Сексуальное/другие виды насилия над ребенком и повторная виктимизация
Доводилось ли вам в детстве испытывать сексуальное, физическое или эмоциональное насилие? Подвергались ли вы подобному обращению в период взросления? Случалось ли вам состоять в отношениях с партнером, который бы бил, насиловал вас или иначе издевался над вами? Если вы ответили утвердительно, очень возможно, что вы, как и многие другие жертвы повторяющегося абьюза, живете с ощущением «надписи на лбу», что вы «притягиваете» насильников или даже что вы являетесь «прирожденной жертвой».

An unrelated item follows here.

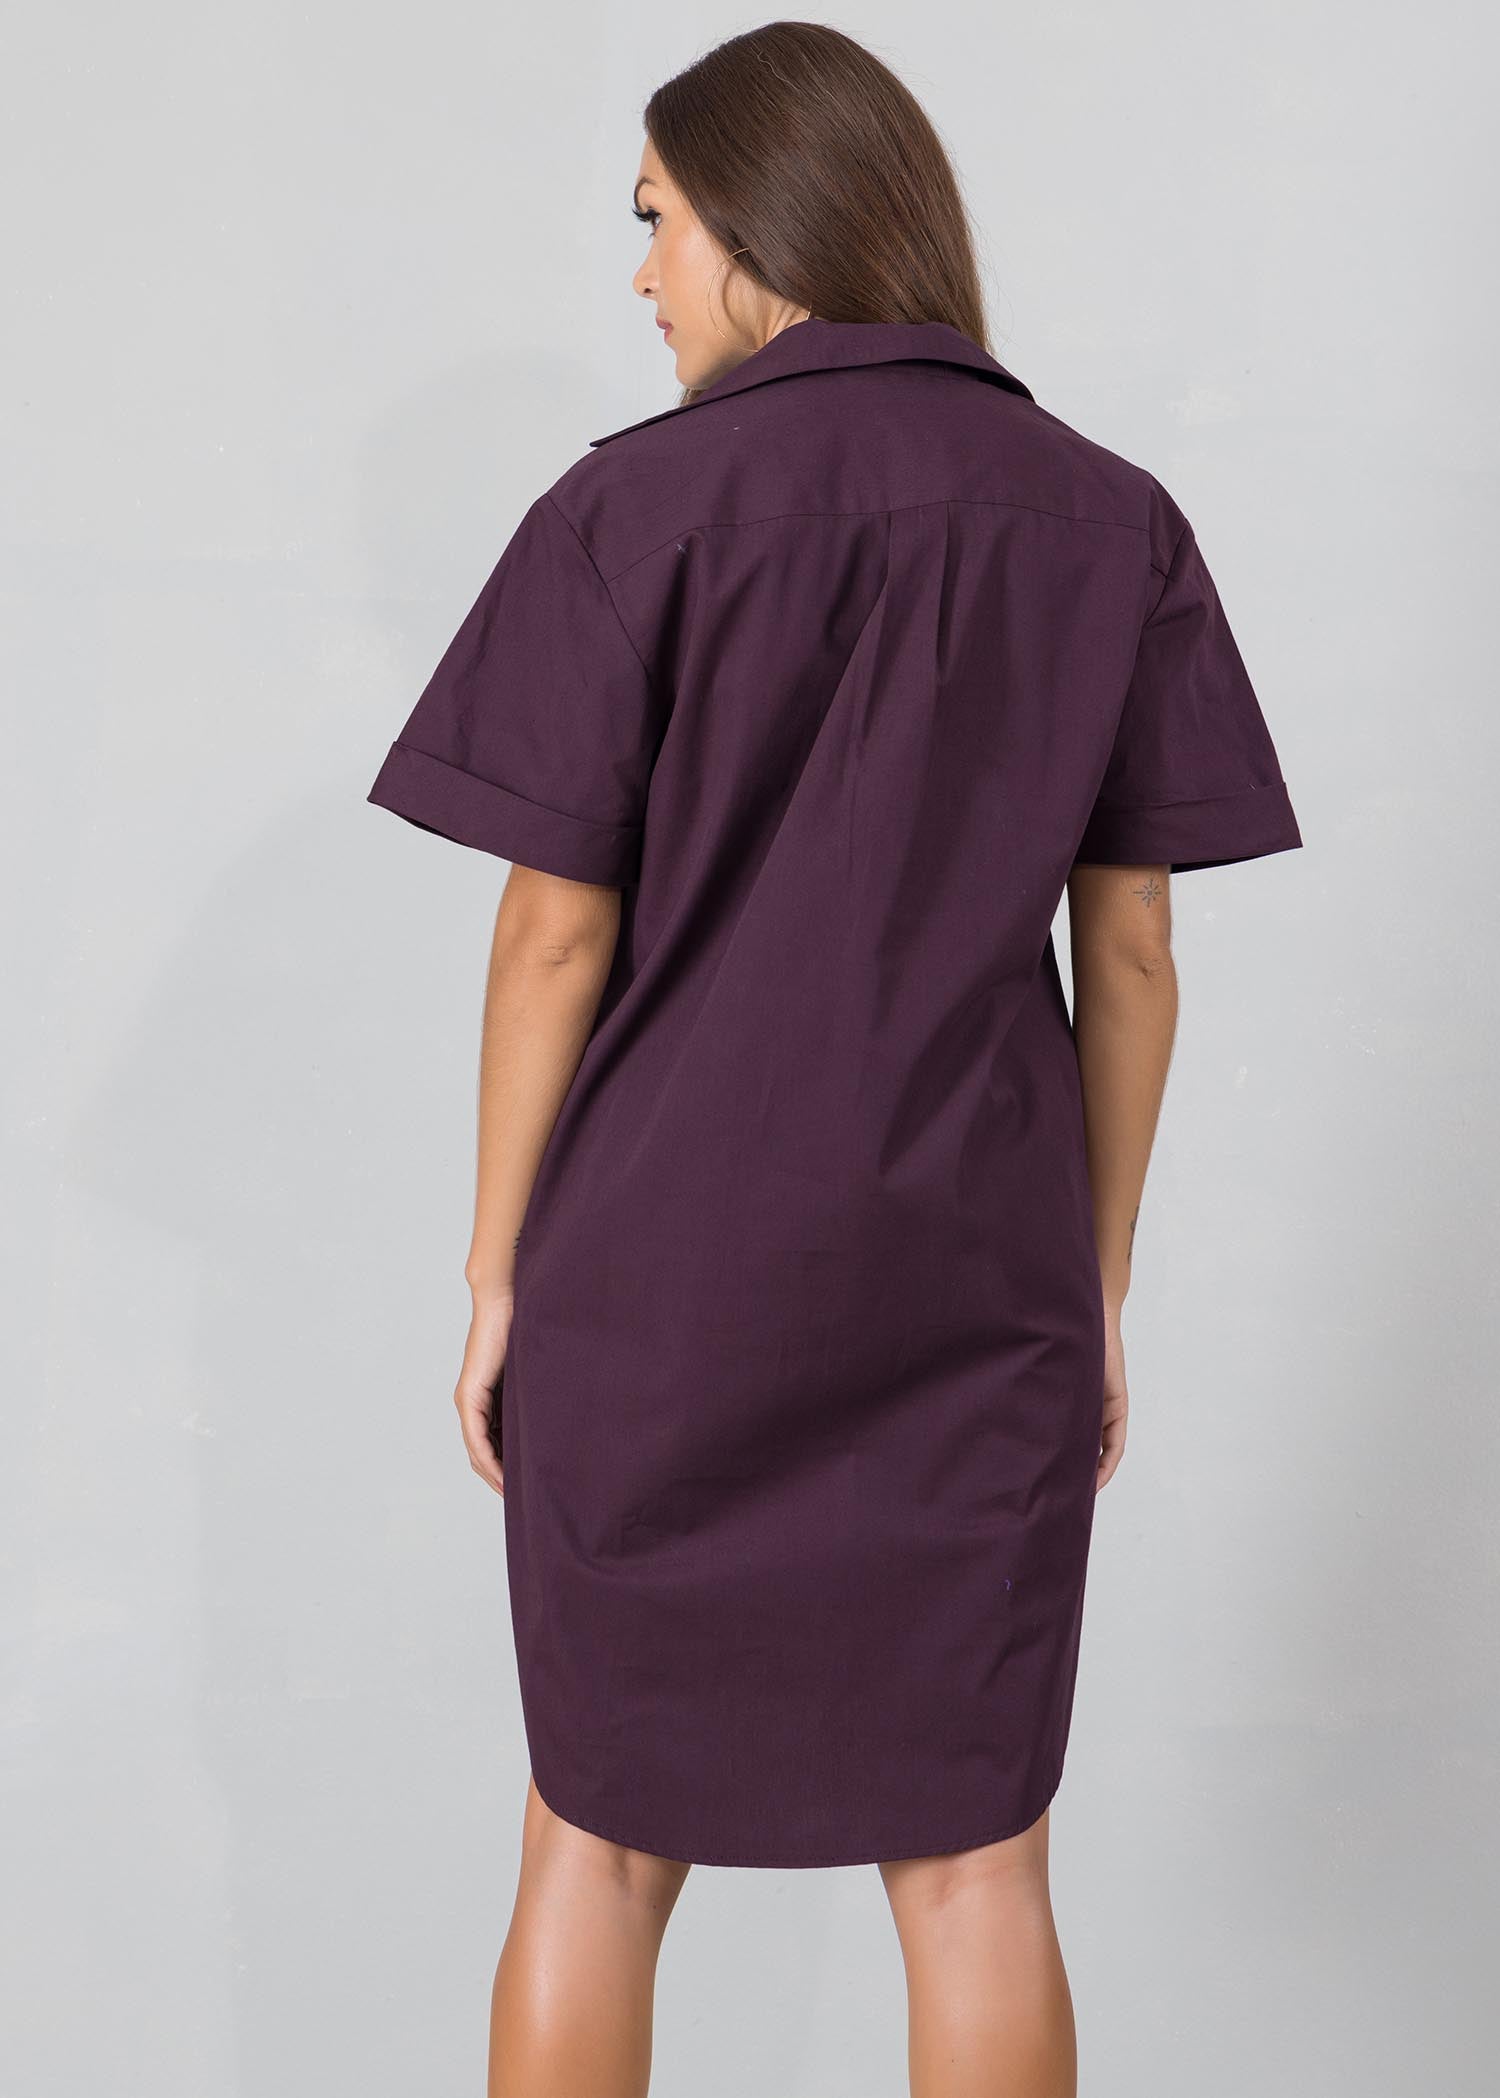 Shirt dress with large pockets

Одним из самых печальных последствий повторяющегося абьюза является то, что пострадавшие от него начинают считать, что, поскольку они так часто подвергаются насилию, это насилие чем-то заслужено. К сожалению, мы живем в обществе, которое полностью разделяет и подпитывает это мнение. Как пишет Джудит Герман:
«Феномен повторной виктимизации, вне всякого сомнения, реальный, требует огромной осторожности в интерпретации. Слишком долго мнение психиатров было отражением широко распространенного невежественного мнения общества, что жертвы «сами напрашиваются на неприятности». Ранняя концепция мазохизма и более позднее определение зависимости от травмы подразумевают, что жертвы сами активно ищут ситуации повторяющегося насилия и извлекают из них удовлетворение каких-то потребностей. Это практически никогда не соответствует действительности». (3)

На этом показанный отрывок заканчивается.